Mixing meat with cherries, blueberries, and other fruits is a growing culinary trend.
The burgers at the Cherry Hut restaurant in Beulah, Mich., are a hit with customers. But these aren't ordinary hamburgers. Every summer, when tourists come to sample the state's bumper crop of cherries, the restaurant's co-owner Andy Case starts taking orders for the restaurant's popular burger. After broiling the patties in the kitchen, he slides them onto a bun and tops them with fixings. It's in this moment, before the first bite, that customers stir with anticipation because the Cherry Hut is home to an unlikely specialty – the cherry burger.

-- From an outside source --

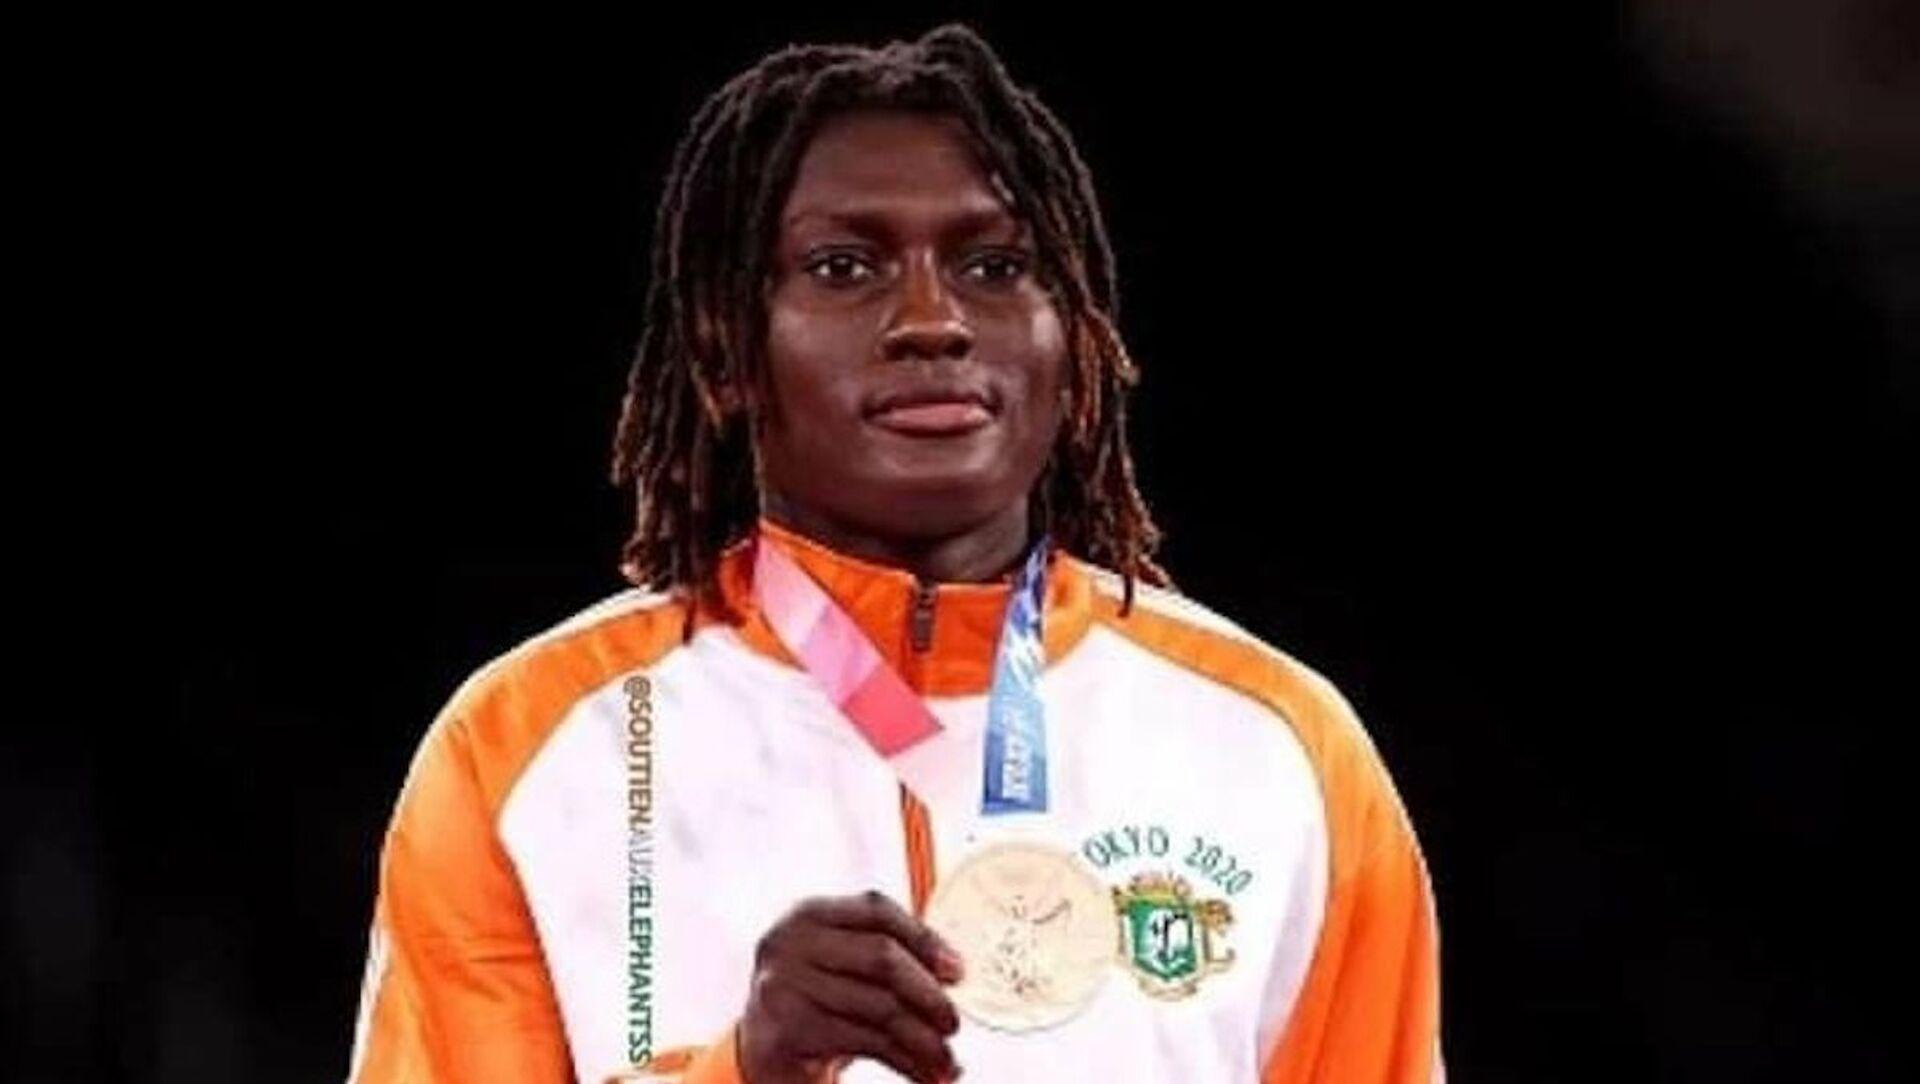 L'Ivoirienne médaillée de bronze de taekwando des JO 2021, Ruth Gbagbi - Sputnik France, 1920, 27.07.2021
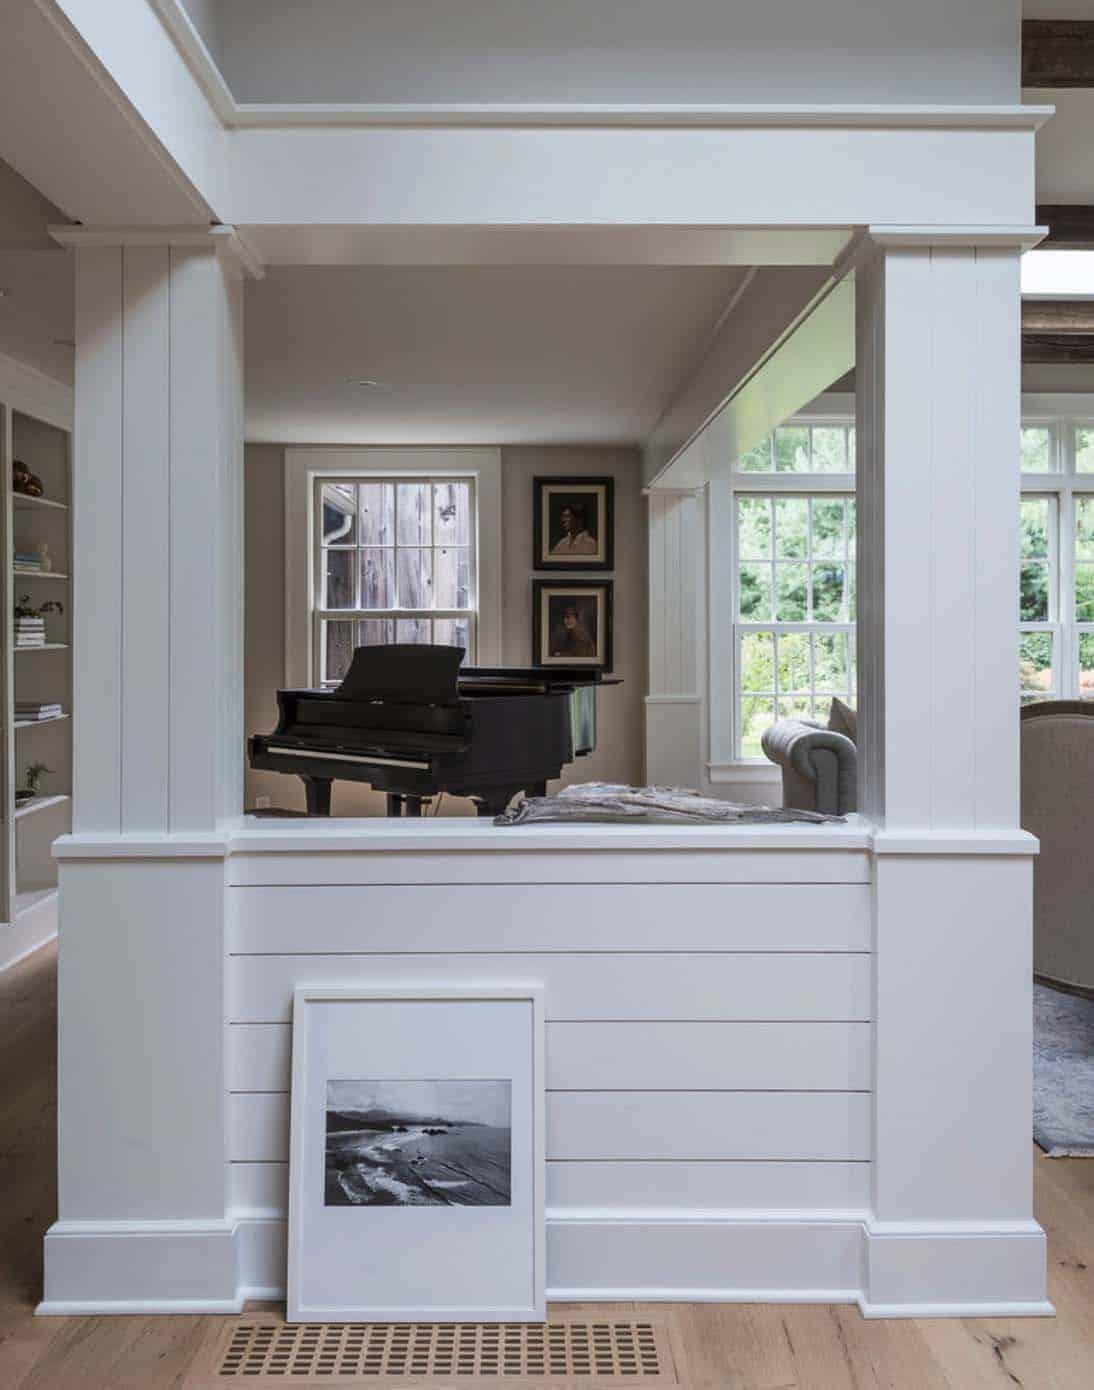 Farmhouse Style Home-Sellars Lathrop Architects-09-1 Kindesign

The burgers are filled with tart, or sour, cherries grown in northern Michigan – the cherry capital of the world.
Although people come to the Cherry Hut for the restaurant's cherry pies, the cherry burger has become a popular seller and a conversation starter. Mr. Case says he probably sells more cherry burgers than regular burgers. "People want to be more health conscious," he says. The cherry burger is "tasty, juicy, healthier."
A burger fit for Oprah
Adding cherries to burgers may seem a bit odd, but mixing tangy or sweet fruit with ground beef or poultry to form patties is becoming more common.
Donald Trump's restaurants – the Mar-a-Lago Club in Palm Beach, Fla., Sixteen in Chicago, and the Trump Bar and Grill at Trump Tower in New York – serve up the Mar-a-Lago turkey burger stuffed with diced Granny Smith apples and Major Grey's chutney and topped with an Anjou pear chutney that contains raisins or currants.